### Required work:
Pictures are to be left out, and only the lines from the one with "Back view of" through the last line of the listing below are to be repeated exactly.

### Information supplied:

**********

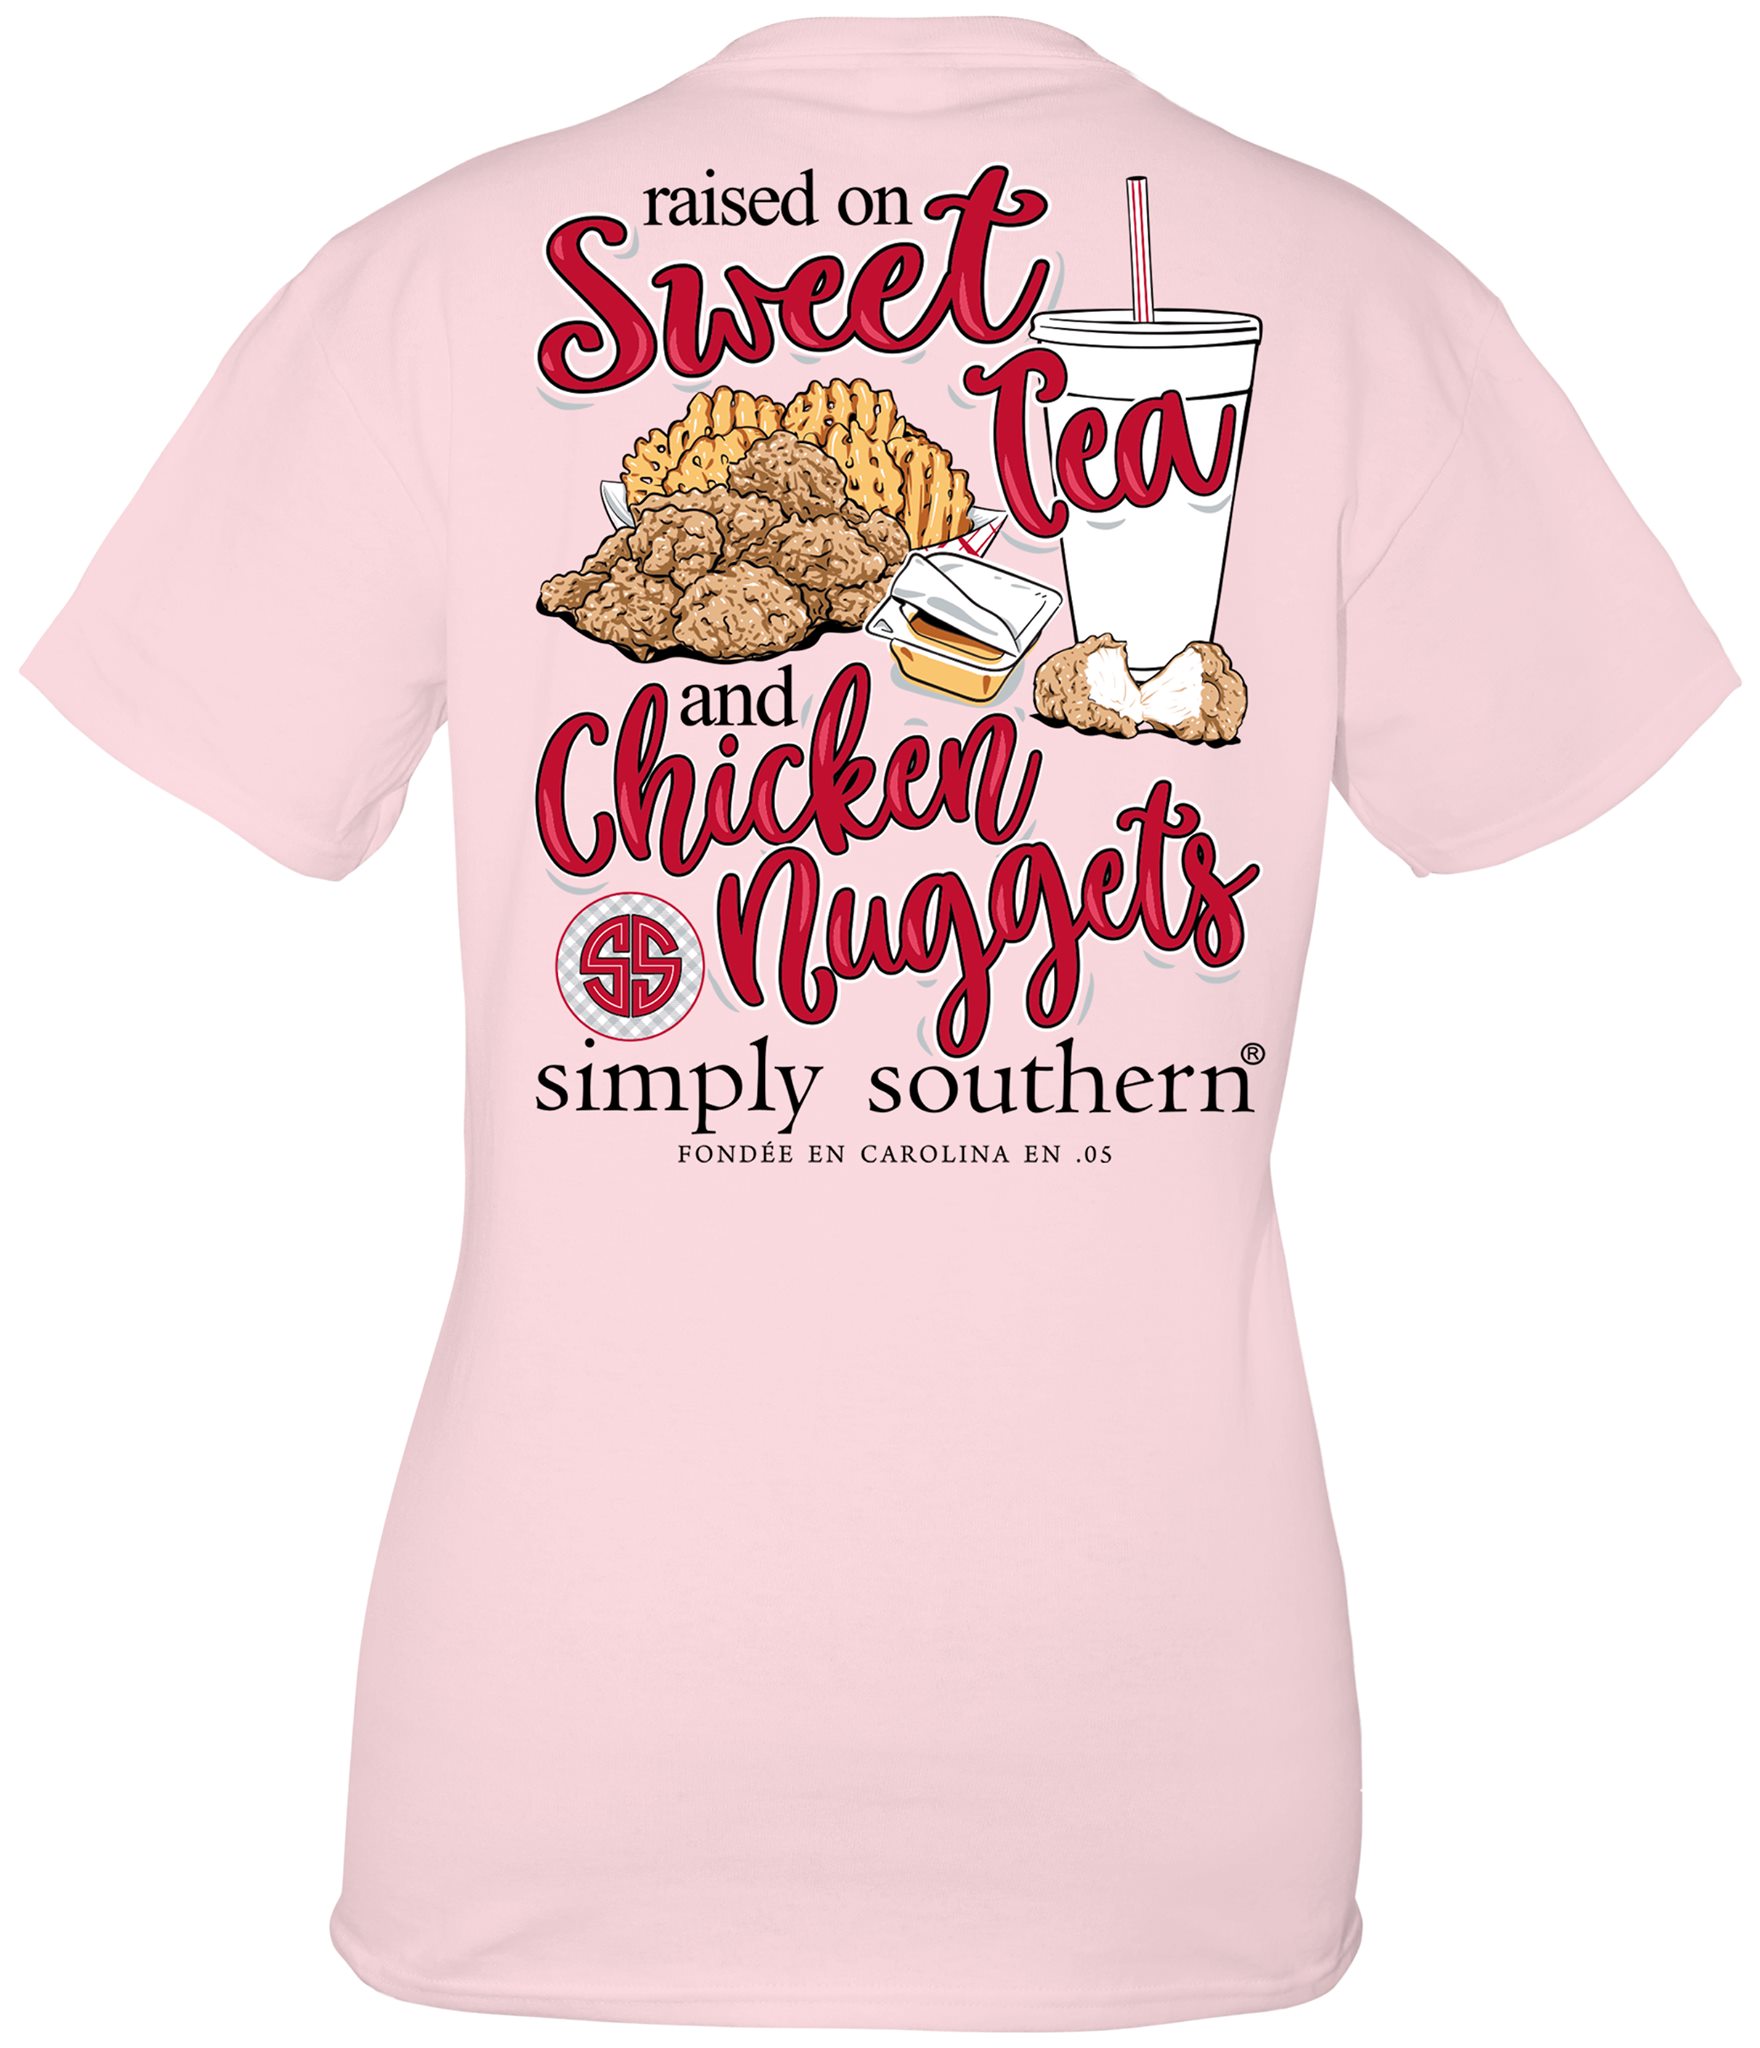 Raised on sweet tea and chiken nuggets simply southern
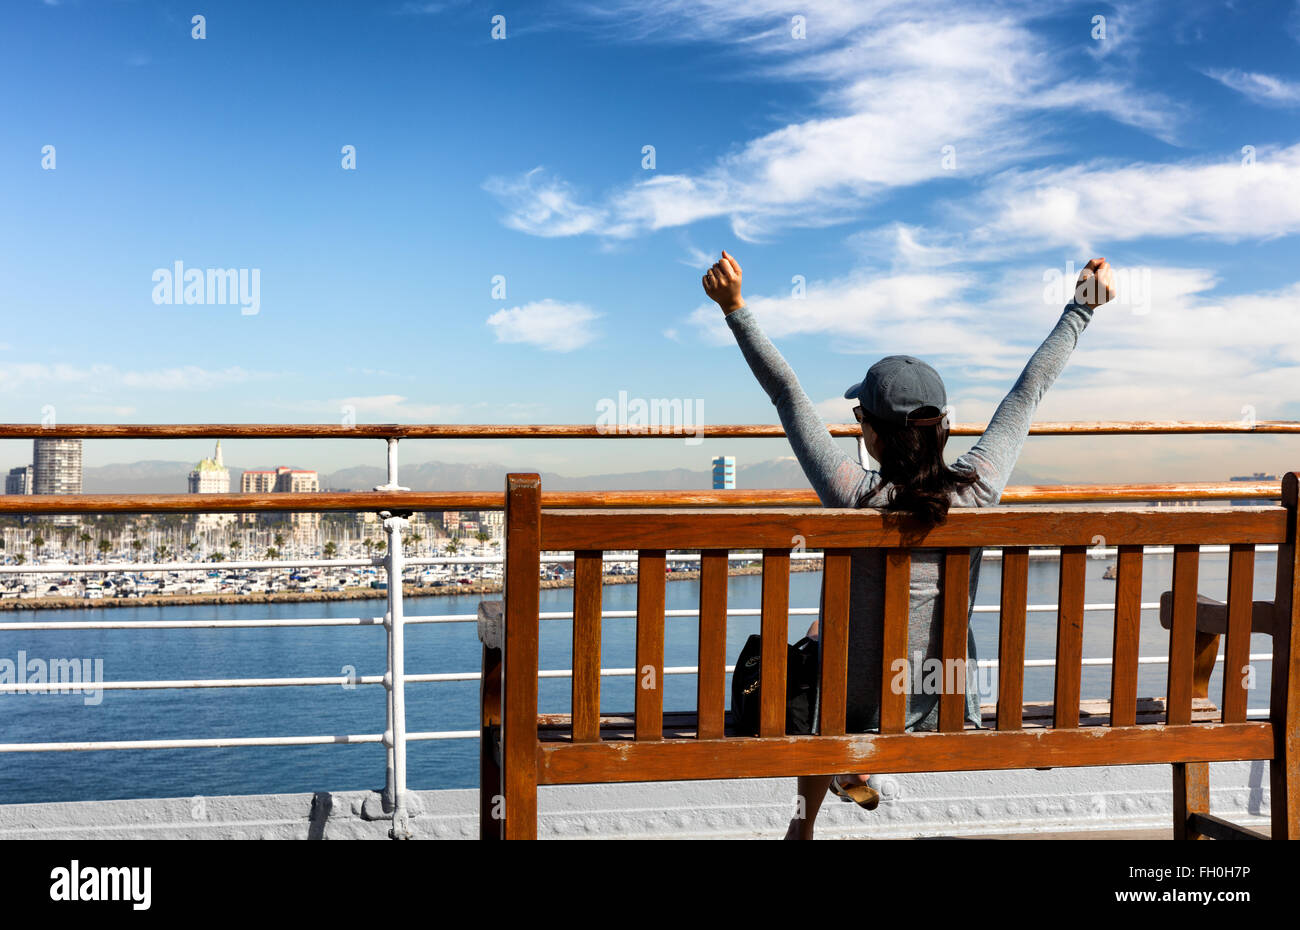 Back view of a woman stretching while sitting on bench and looking out into bay from public walkway. Stock Photo
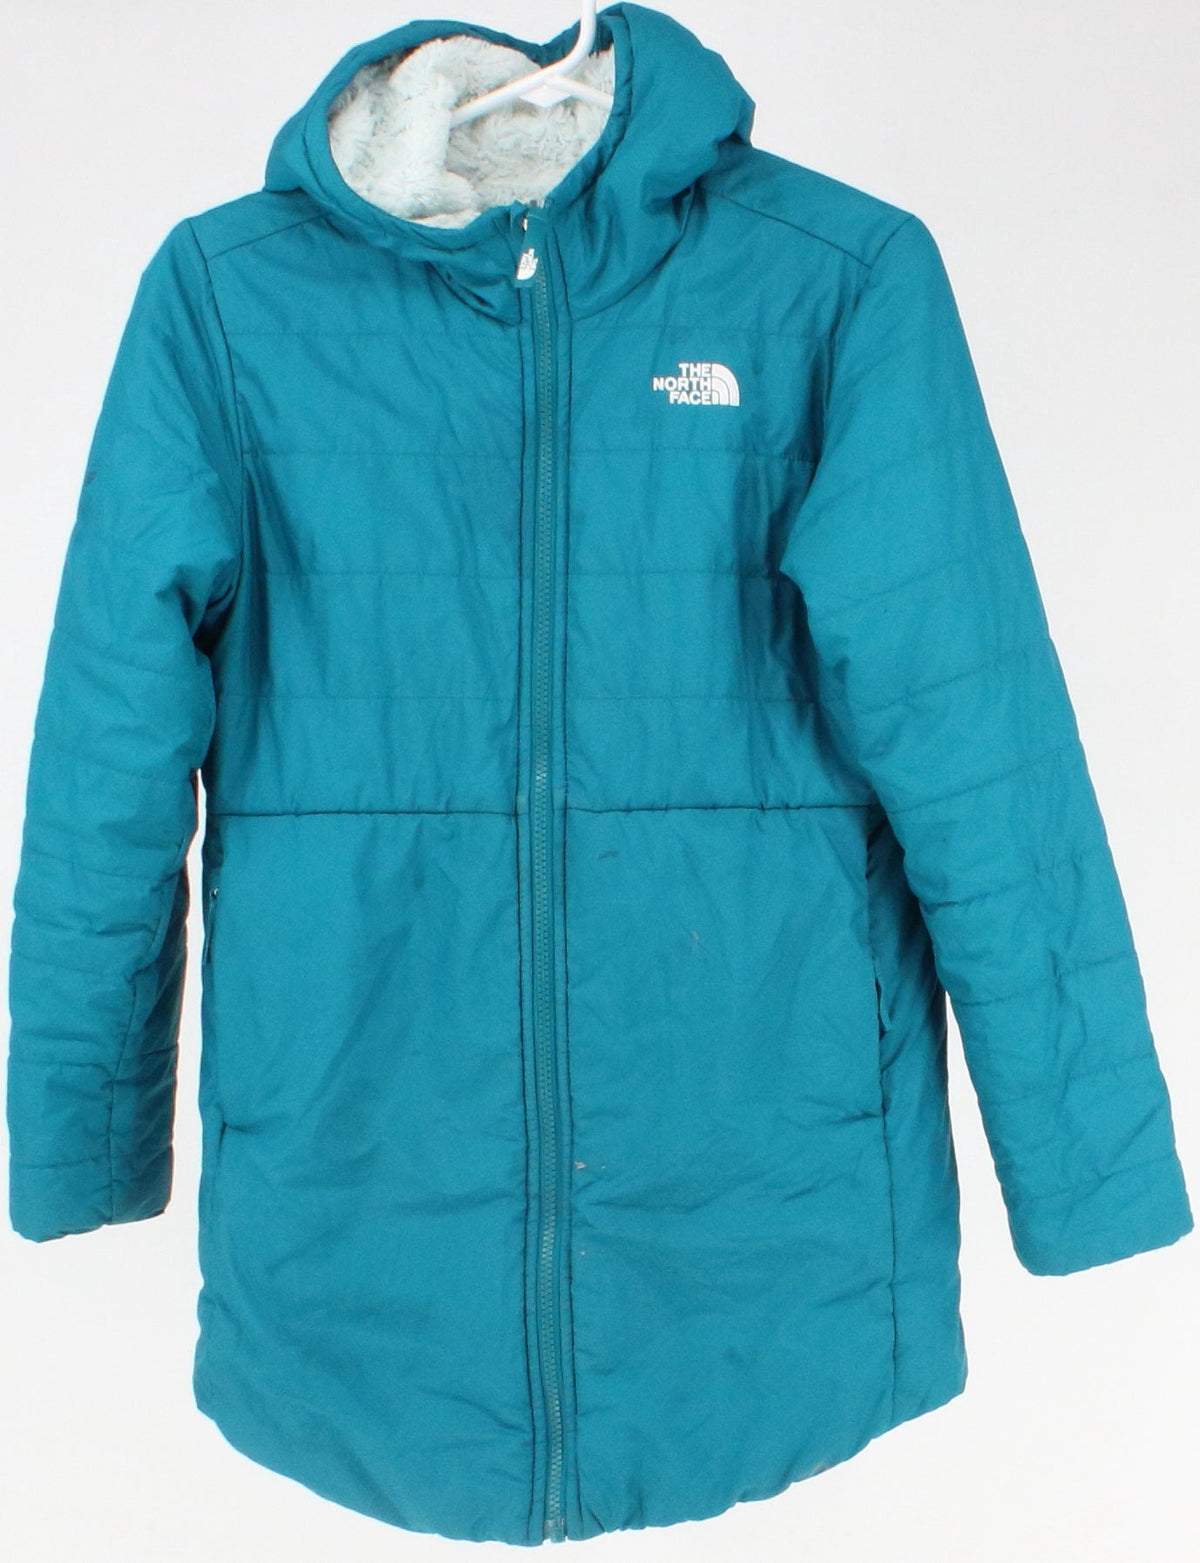 The North Face Teal Girl's Puffer Jacket With Soft Teddy Lining
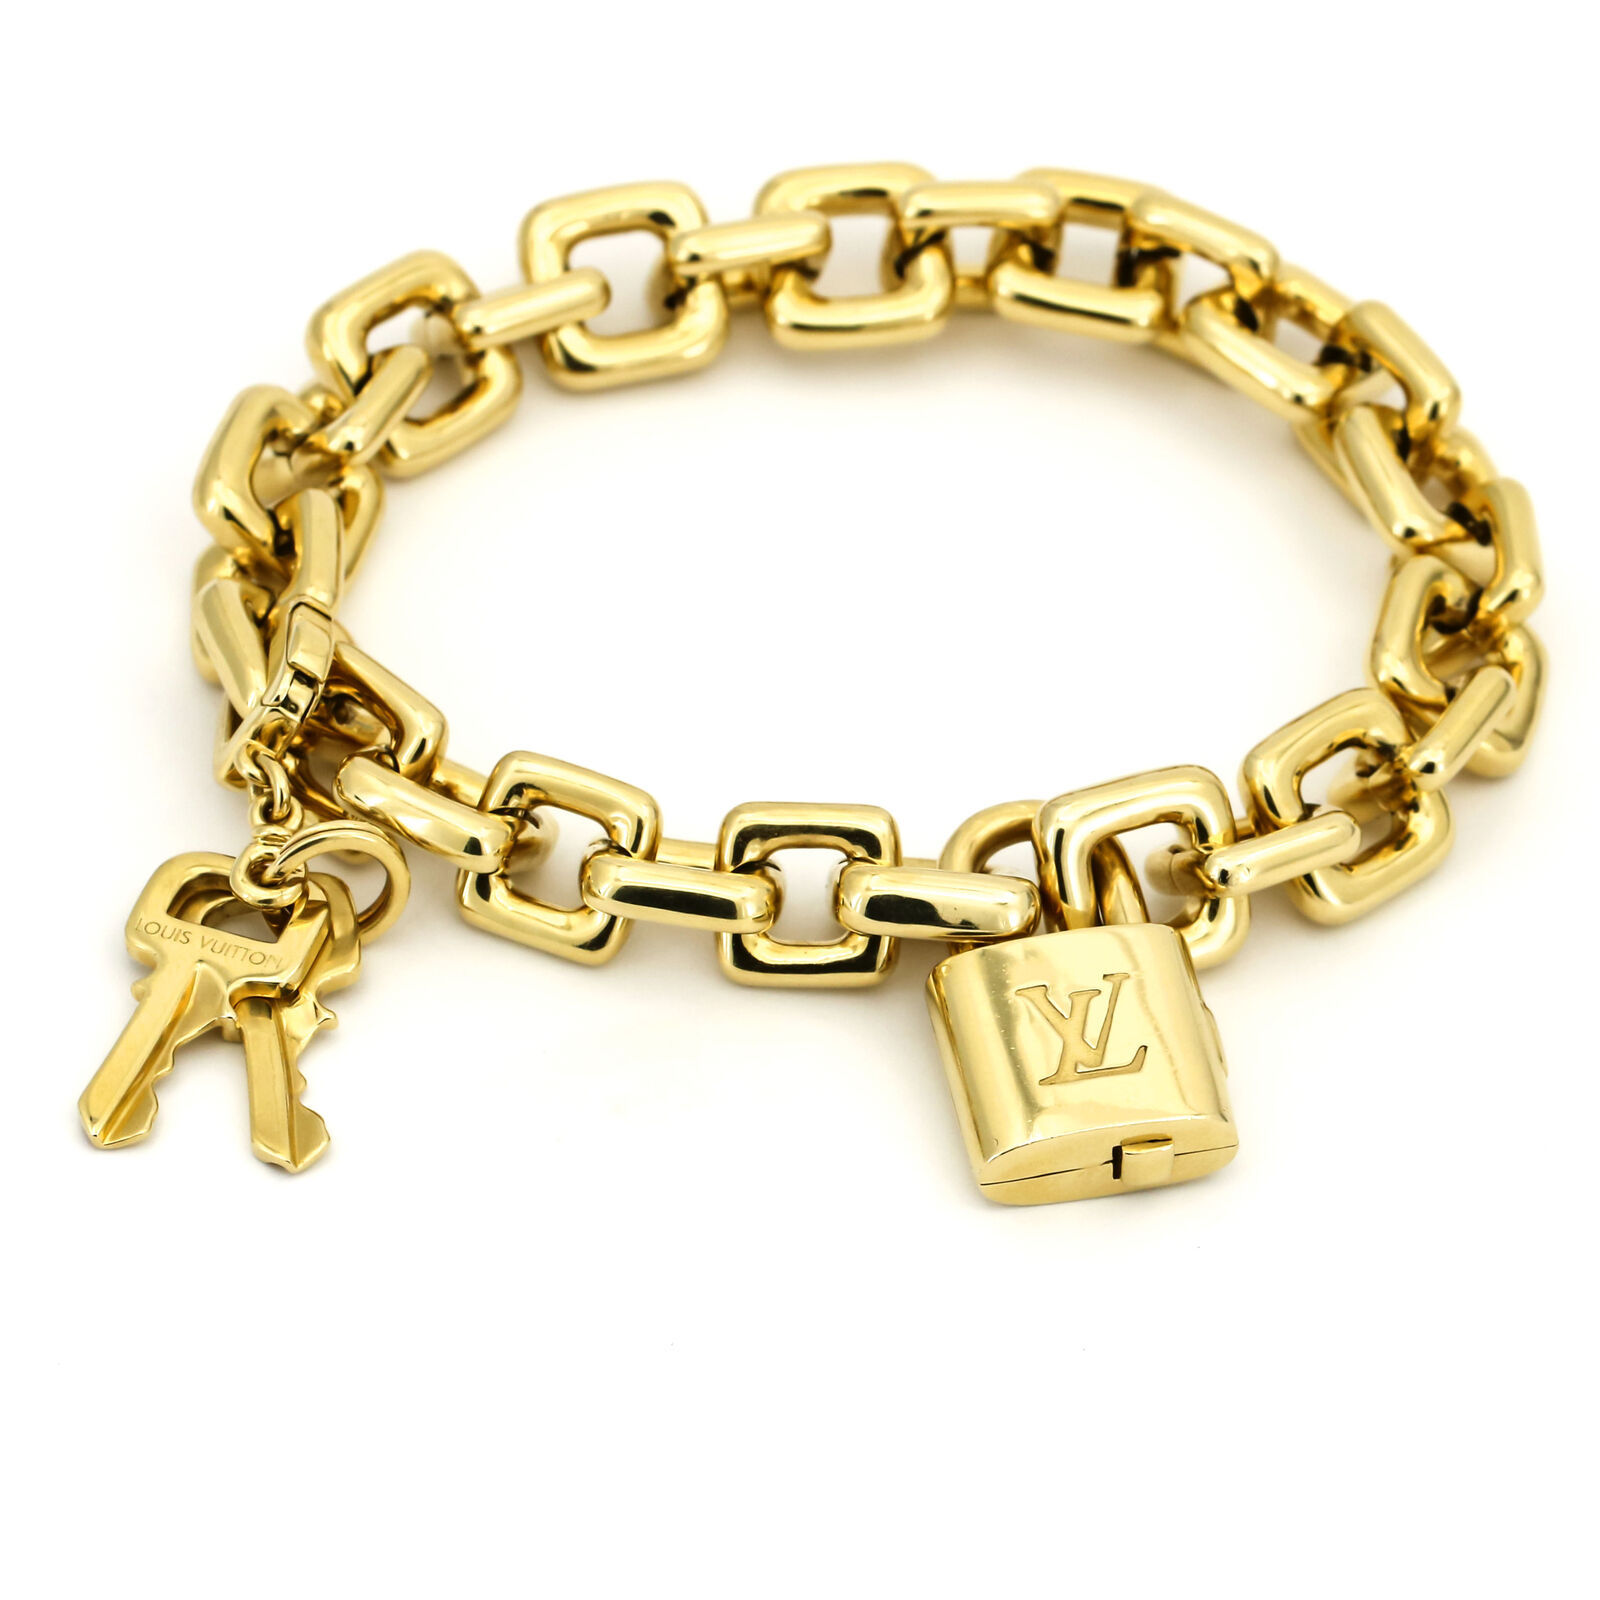 Louis Vuitton Padlock and Keys Charm Bracelet in 18k Yellow Gold with ...

**********

### Response for this exercise:
 Back view of a woman stretching while sitting on bench and looking out into bay from public walkway. Stock Photo
 The North Face Teal Girl's Puffer Jacket With Soft Teddy Lining
 Louis Vuitton Padlock and Keys Charm Bracelet in 18k Yellow Gold with ...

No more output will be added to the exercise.